Handlers: Running Work

A handler is where your business logic lives. In v3 a handler is intentionally small: it contains only the logic to process a payload. Unlike the v1 design it does not extend any builder and never carries scheduling, queue or retry state. It receives an immutable JobContext and returns a value that the runtime normalises into recorded output. Throwing any Throwable signals failure.

This page covers the handler contract, the JobContext it receives, the five built-in handlers (with their payload shapes and security defaults), how to write and register your own handler, and the typed-DTO base class TypedJobHandler.

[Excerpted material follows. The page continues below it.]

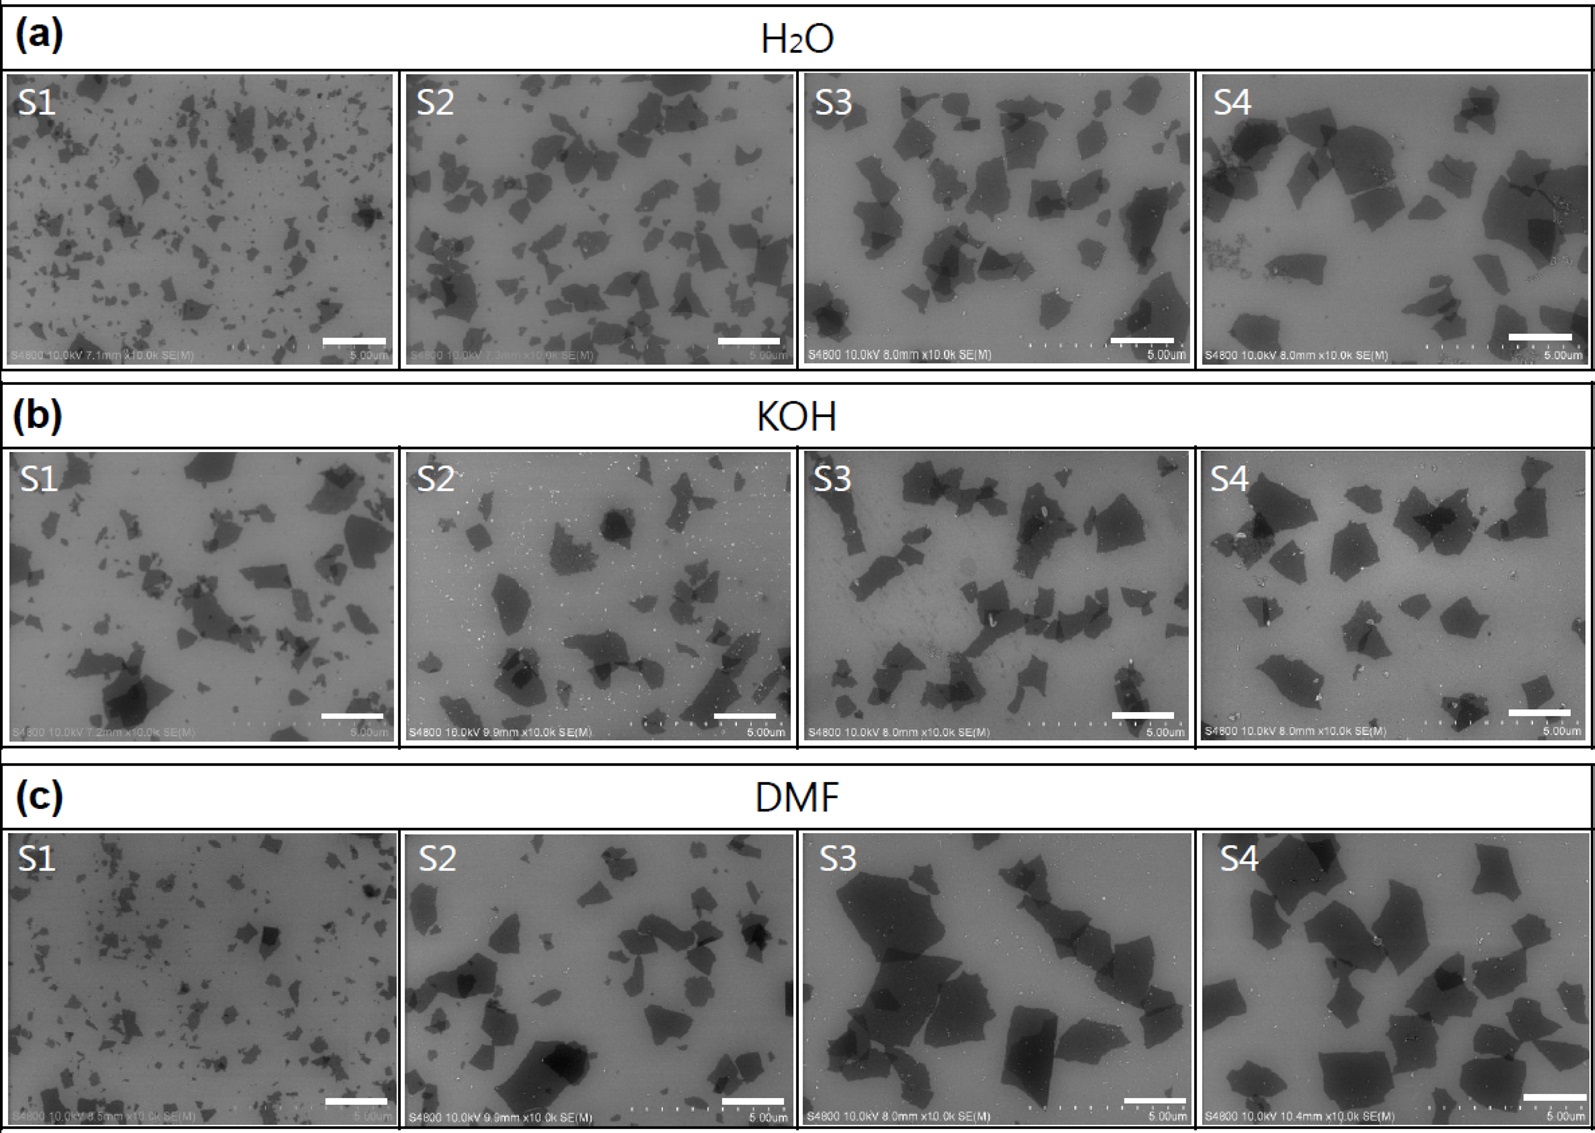 Scanning electron microscopy images of separated graphene oxide nanoplatelets (from S1 to S4) using (a) H2O, (b) potassium hydroxide (KOH) (c) dimethylformamide (DMF) as dispersion solvents. Scale bars indicate 2 μm.
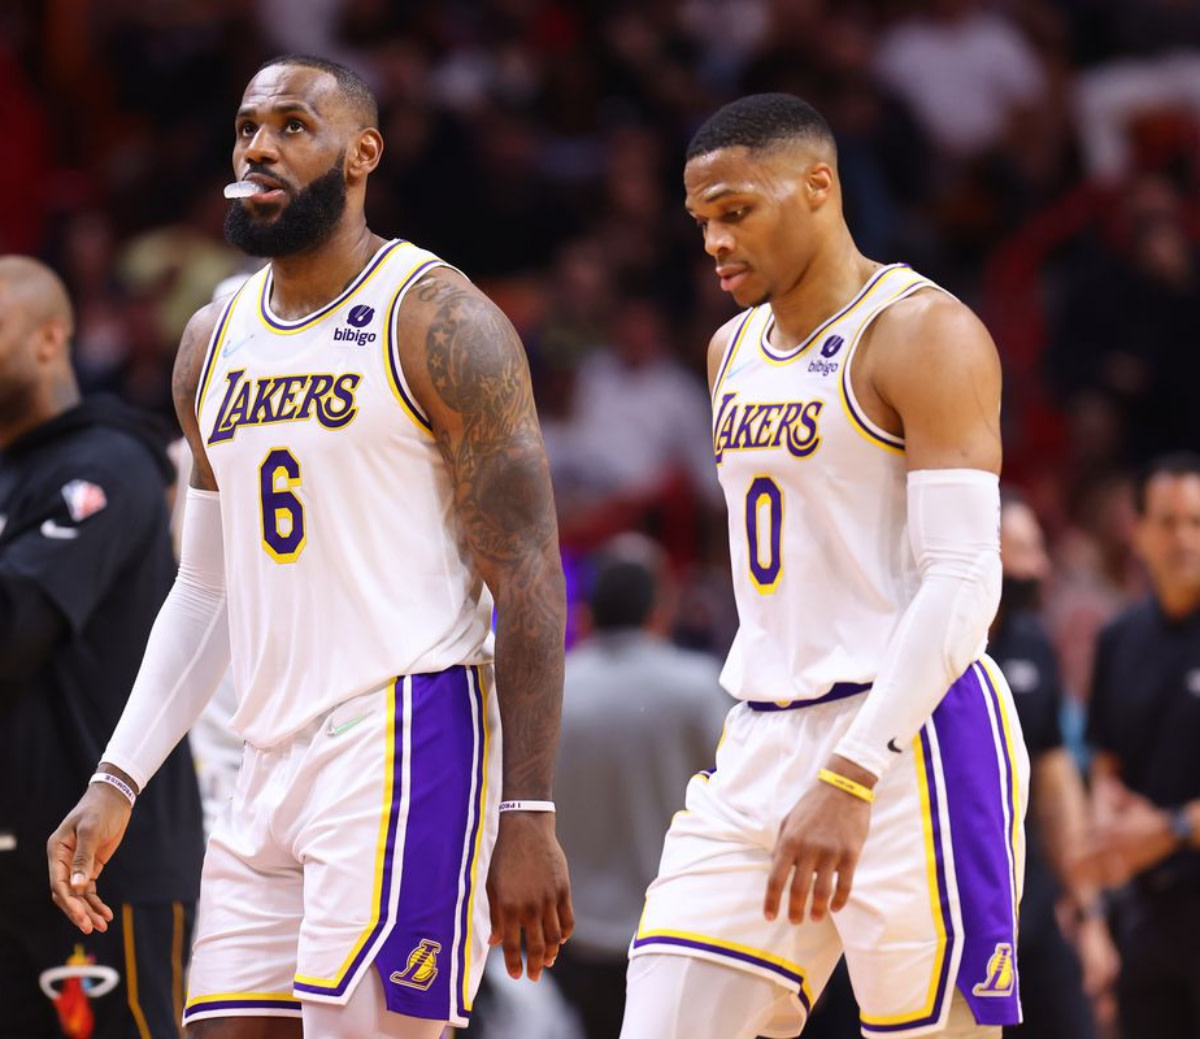 NBA Fans React To Los Angeles Lakers' Poor Opening Sequence Against The Miami Heat: "This Team Is Pure Comedy"

The contract: JobHandlerInterface

Daycry\Jobs\Handlers\JobHandlerInterface defines three methods:

namespace Daycry\Jobs\Handlers;

use Daycry\Jobs\Execution\ExecutionResult;
use Daycry\Jobs\Execution\JobContext;

interface JobHandlerInterface
{
    /** Main business logic; return value is normalised upstream. Throwing signals failure. */
    public function handle(JobContext $ctx): mixed;

    /** Optional hook executed before handle(). */
    public function beforeRun(JobContext $ctx): void;

    /** Optional hook executed after handle(), regardless of logical success. */
    public function afterRun(JobContext $ctx, ExecutionResult $result): void;
}

Method

When it runs

Notes

beforeRun($ctx)

Before handle()

Setup hook. If it throws, the attempt fails before handle() runs.

handle($ctx)

The main work

Return any value (normalised to string/JSON output). Throw any Throwable to fail.

afterRun($ctx, $result)

After handle(), always

Receives the ExecutionResult. Best-effort: any exception it throws is swallowed and never changes the recorded outcome.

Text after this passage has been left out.